Катя притихла. Сжимая и разжимая пальцы рук, старалась от неприятного разговора отвлечься и успокоиться.
– Катька. А мы их пригласили к себе, – вдруг доверительно шепнула Зина. – Двоих. Завтра будут.
– Кого их? – подняла голову Катя и, не получив ответа, повысила голос:
– Кого их? Кого?
– Ну, парней. Познакомились с одними…
– А, может, уже с пятыми? Какая-нибудь посредственность, а то и того хуже, а вы, дуры, уже сегодня радуетесь. Как не стыдно!
– У нас стыда, что волос на камне, – в который раз хихикнула Зина.
– Сейчас бы… Э-э-эх! – и вздохнула: – Два раза, девоньки, молоду не быть.
– Бесстыжих глаз и дым не ест. Ни ума, ни скромности.
– А ты? Ты-то сама кто? – повысила голос Наташа. – Ни спереди, ни сзади. Да и на птичьих правах. Заткнулась бы лучше.
Наступило неловкое молчание.
– Дайте закурить, – через некоторое время попросила Катя, попробовав первую папиросу здесь же, в этой прокуренной комнате. – Тошно от вас…
И курили они, и дерзили друг другу, то сталкиваясь в споре, то безудержно хохоча.

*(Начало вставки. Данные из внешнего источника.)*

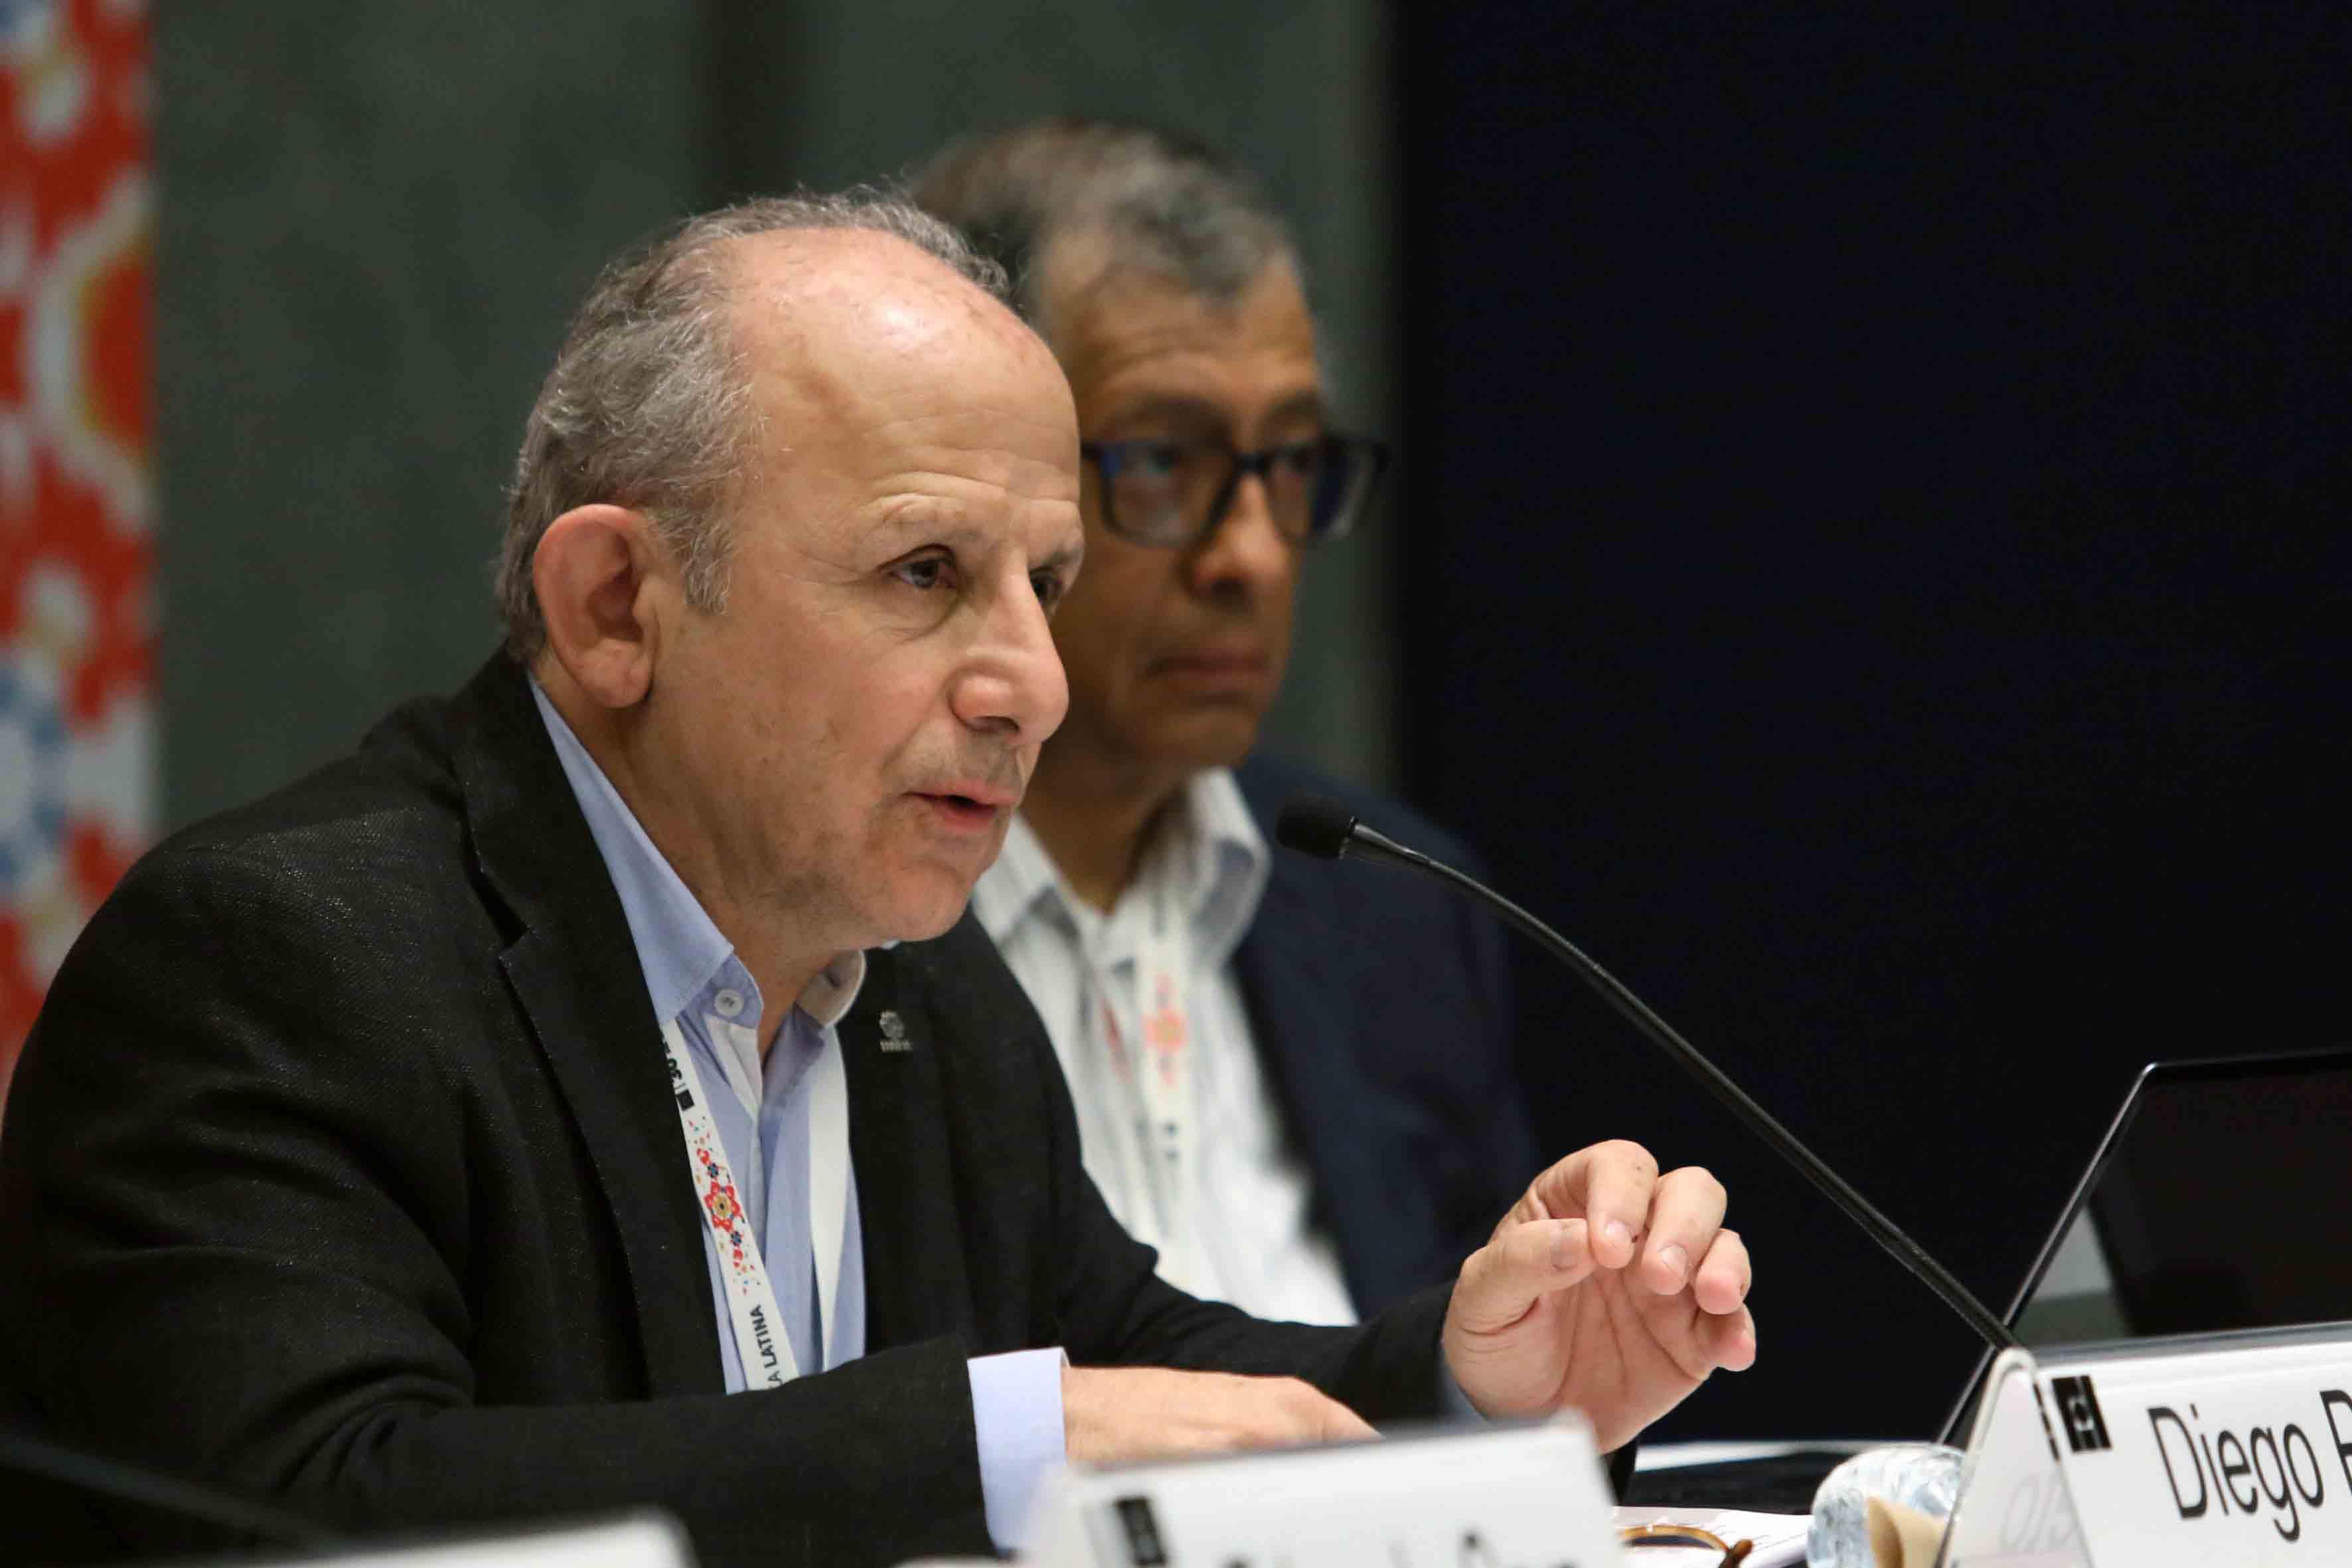 Antropólogo Diego Prieto Hernández, Profesor universitario y autor de diversas publicaciones, participando en el panel.
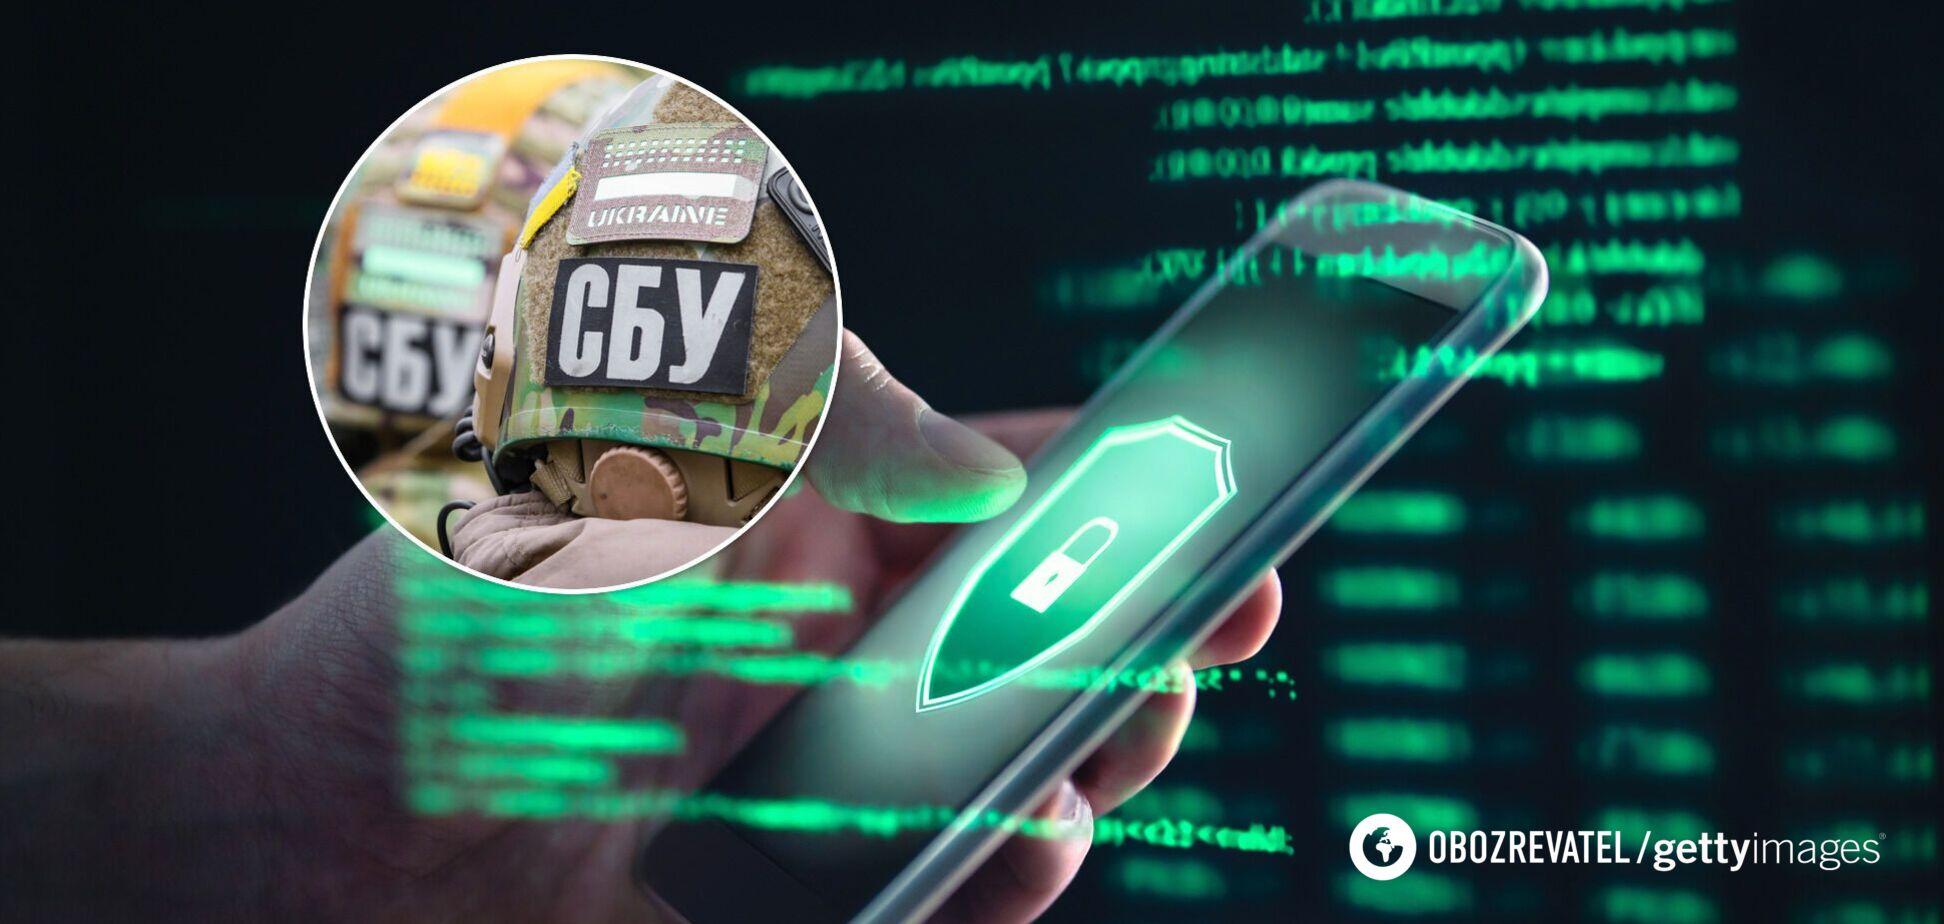 СБУ відбила хакерську атаку спецслужб РФ на держоргани України

Неумело затягиваясь сигаретой, Катя глотала дым, надрывно кашляла и, ненавидя все, что ее окружало, напрочь убивала в себе появившуюся было искру протеста против неудавшейся жизни, против словоохотливых и несерьезных подружек. Горечь не убавлялась. Выхода из тупика, казалось, не было. И решила она просить у Галины Михайловны помощи и защиты.
А на следующий день вечером впервые увидела Валеру и Эдика, которых пригласили подруги. Модные, наглые, они курили дорогие сигареты и сыпали пошлыми шутками.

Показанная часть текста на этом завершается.